In a Cultural Diversity class I took years ago I learned about transnational migration and the term ethnic enclaves. It was the first time I fully understood that for immigrants coming to America or travelling back and forth from their homeland to America, these spaces (most familiar to me in the boroughs of New York City) were meant to insulate them from the often unwanted shock of watching their family be stripped completely of culture and nationality in order to become this thing called American. On the other hand some immigrants strive to emerge themselves fully and to leave all their cultural affectations  their accent, customs, an entire mindset and mannerism behind in order to get the best access to work and the possibility to create wealth and security for their children and children’s children. Those immigrants who can pass as “White” often benefit greatly from these opportunities. Unfortunately this doesn’t work out so well for immigrants with dark skin because what they inherit when they come to America is a racial classification that informs nothing but racist systems of oppression.
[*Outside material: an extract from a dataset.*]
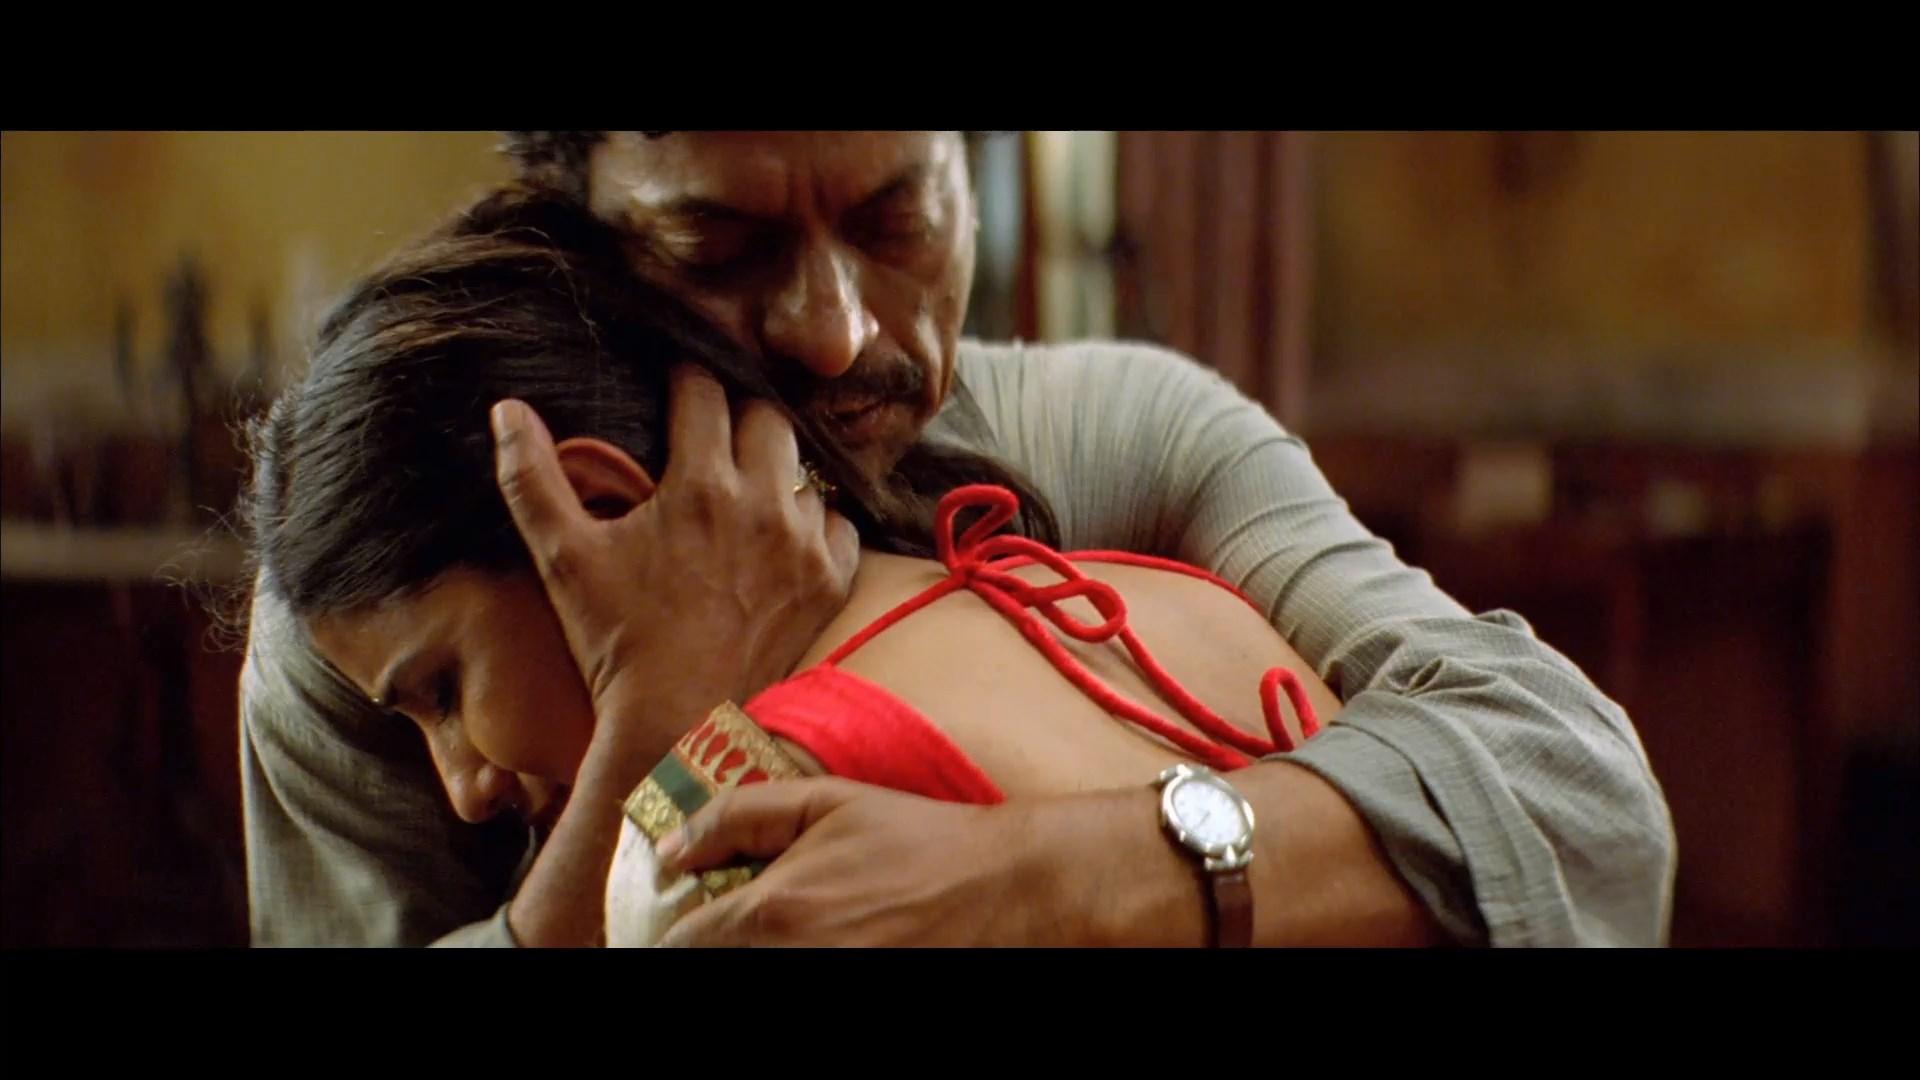 Ekla Akash 2012 Bengali 1080P WEBDL x264 AVC AAC [shadow].mp4 snapshot 01.08.33.783

So far the most successful depiction of the shift in identity from nationality to Black Americanism is in Ifemelu’s description of her beloved nephew, Dike who is uprooted from Nigeria as a baby and raised by his mother, Ife’s Aunt,  in America. His only link to his national identity is his mother who among other things reinforces negative associations of Nigerian ways to him by only speaking the native language to him when she is very upset. This is something I believe Adichie mentions deliberately because she is aware of the long terms effects on the children of immigrants when they negatively and or exclusively associate native language with anger and shame.

This is how a non-American person can come to believe without being able to trace the origins of this belief that their own native culture is a thing to be dismissed and erased, to be replaced with one which will never regard them as anything other than marginalized and inferior transplants.

As I read “Americanah” and silently chant and root for ifemelu not to lose her culture completely, it occurs to me that she is perhaps gaining another kind of self along the way, and that because of her determination to be authentic and honest in her reflection, she is becoming something far greater than what can be categorized by either race or nationality and yet could not exist without these identities. Because nothing is perfect for her and her family in modern day Nigeria either. And she is honest and candid about conditions there as well. But to find any kind of home, you must first know from where it is you are coming.This is why Black Americans often suffer from the most unbearable, exhaustive and psychologically dysfunctional sense of displacement. This is also why it cannot be overstated that literacy, where America ranks as 15th in the world, is a massively indispensable tool both of evolution and revolution.